Помещение походило на внутренность гигантского черепа с тремя парами огромных выпуклых стеклянных глаз, вытаращенных на три стороны света. Только на три — за четвертой стеной находились антенны, но все это помещение могло вращаться вокруг оси, как поворотный круг на сцене. В известном смысле это и была сцена, на которой разыгрывались все одни и те же спектакли — посадки и старты кораблей; из-за своих широких округлых пультов, словно сливавшихся с серебристо-серыми стенами зала, дежурные видели стартовую полосу как на ладони — до нее был всего лишь километр.

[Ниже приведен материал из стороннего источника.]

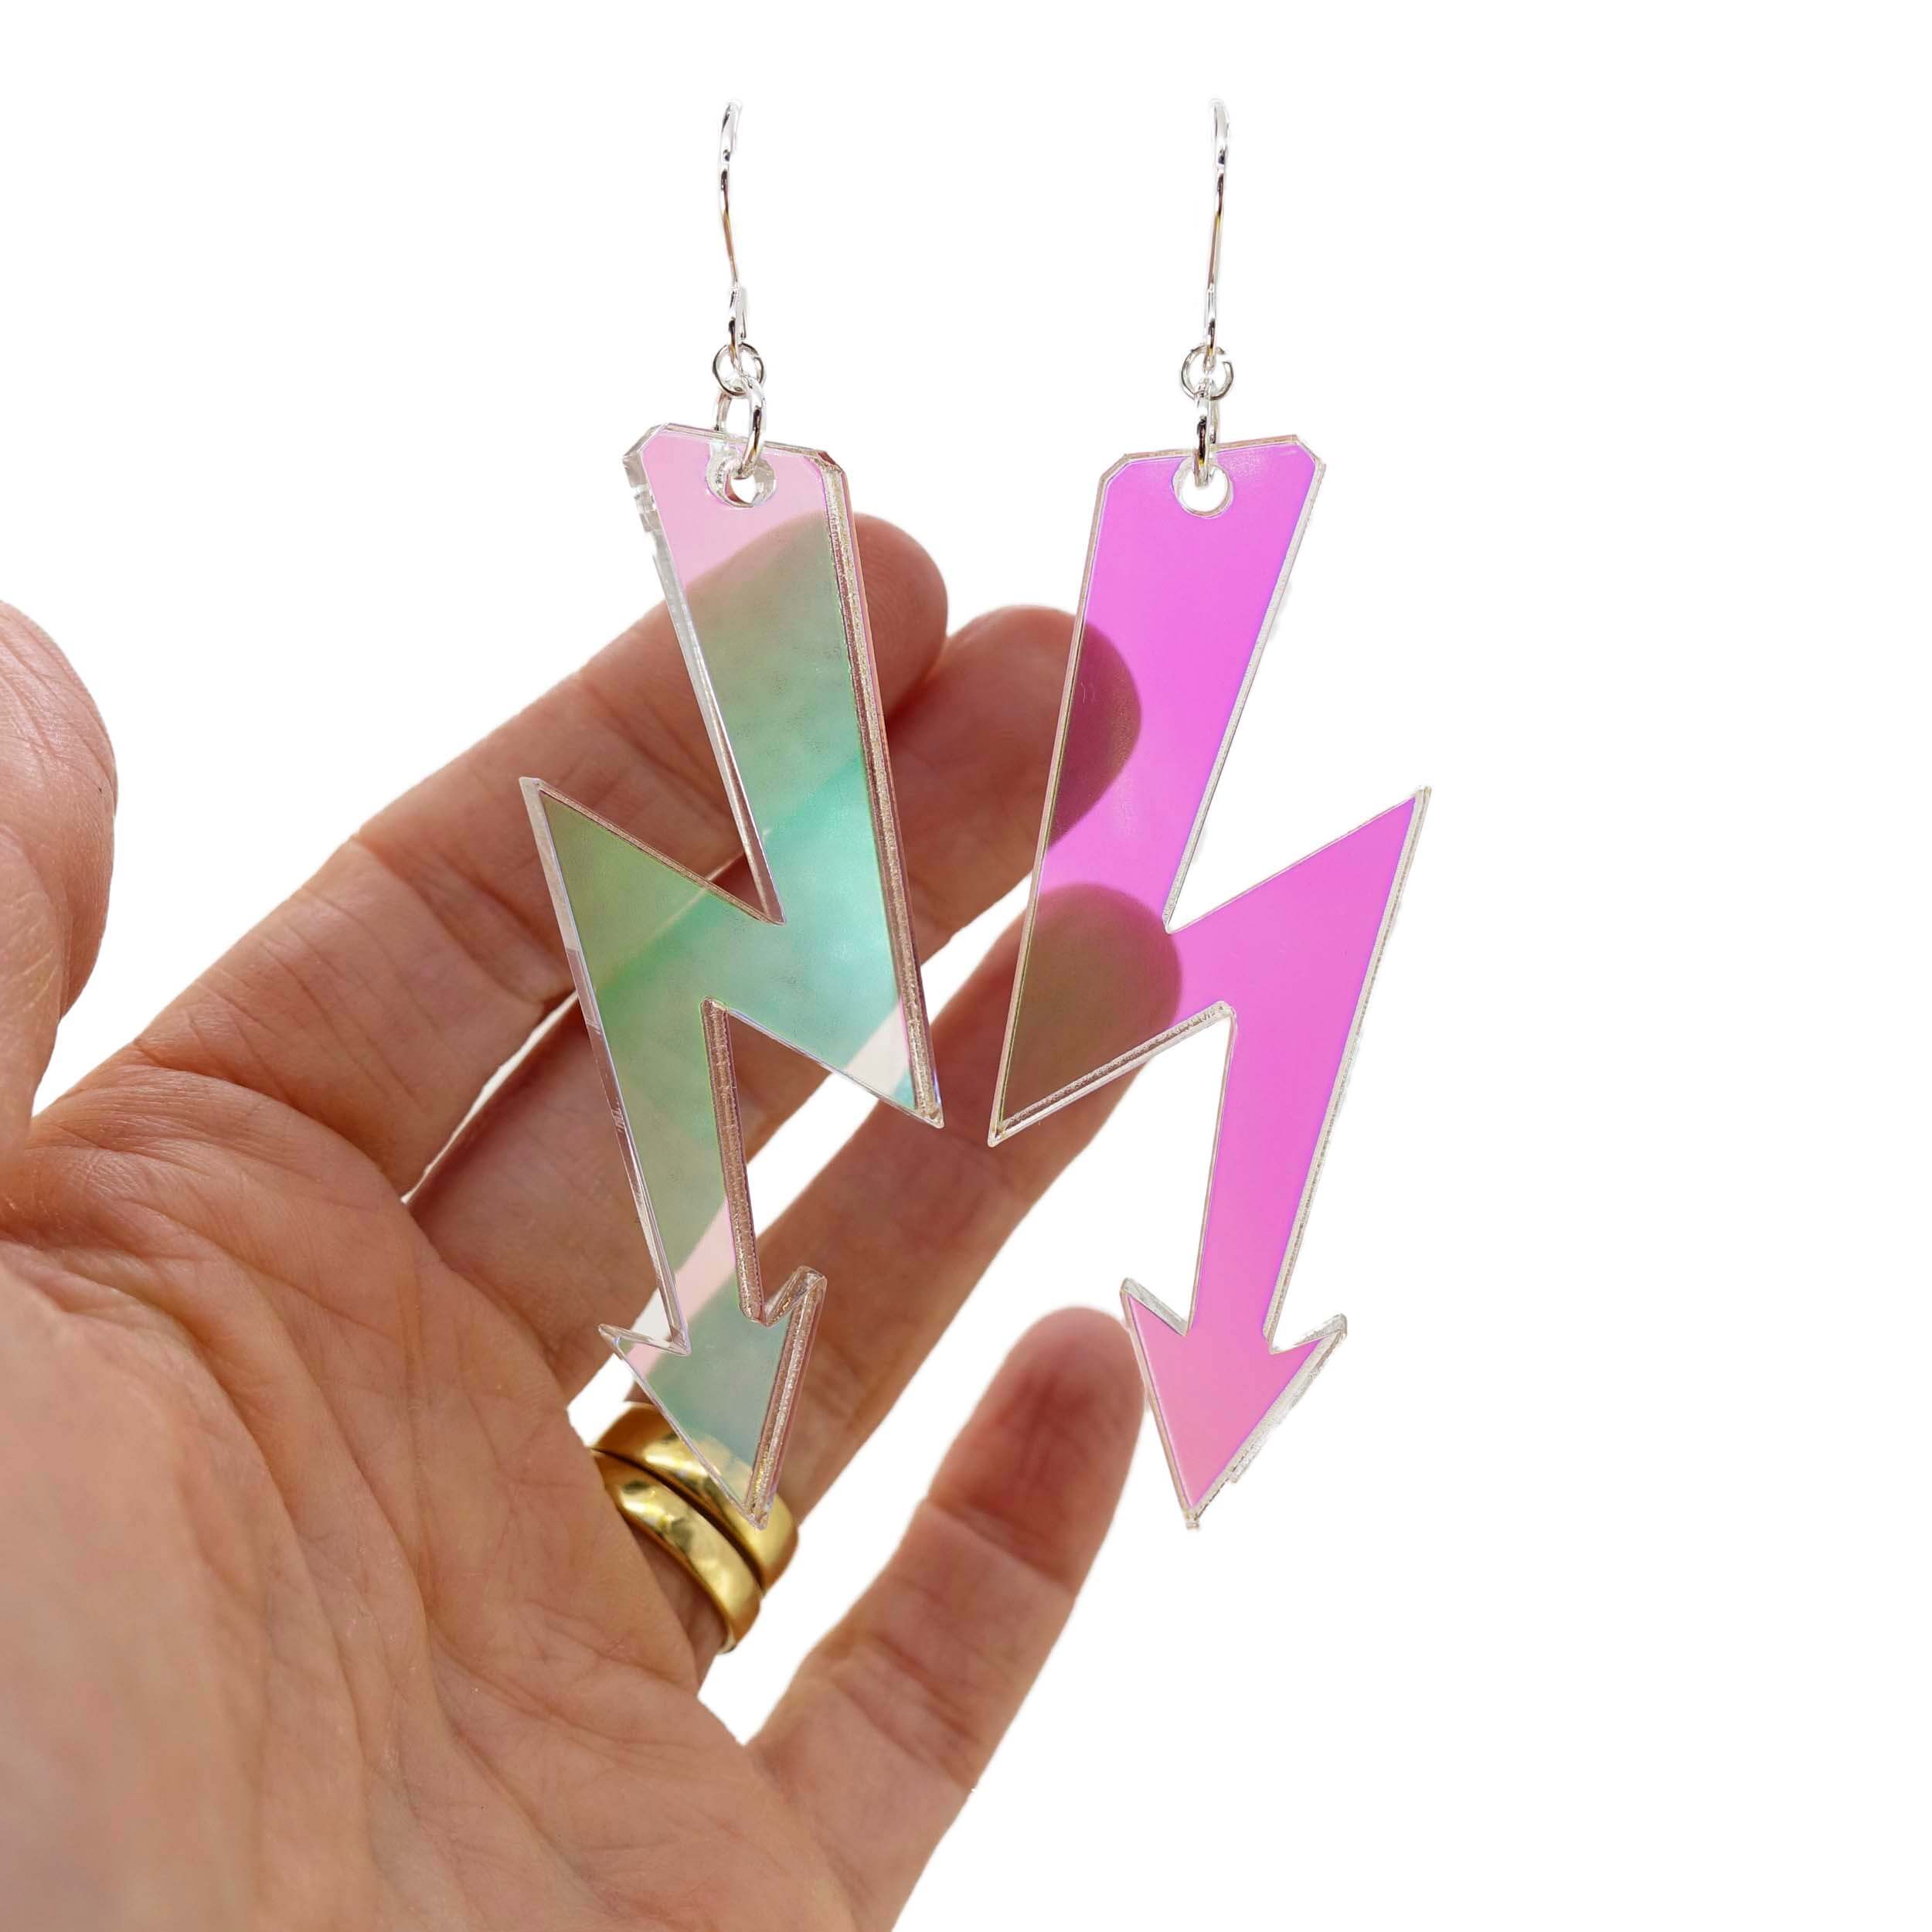 Iridescent High Voltage earrings shown against a white background with my hand behind to illustrate the transparency of the material.

Все это напоминало отчасти диспетчерскую вышку на аэродроме, а отчасти — операционный зал. У глухой стены под конусообразным прикрытием громоздился главный компьютер непосредственной связи с кораблями; он непрерывно мигал лампочками и стрекотал, ведя свои немые монологи и выплевывая обрывки перфорированных лент; были тут еще три резервных контрольных поста, оборудованные микрофонами, точечными лампами, креслами на шаровых шарнирах, а также подручные счетные устройства для контролеров, похожие на уличные водоразборные колонки; наконец, ютился у стены маленький, изящный, как игрушка, бар с тихонько шипящим „Экспрессом“. Вот он где, оказывается, кофейный источник!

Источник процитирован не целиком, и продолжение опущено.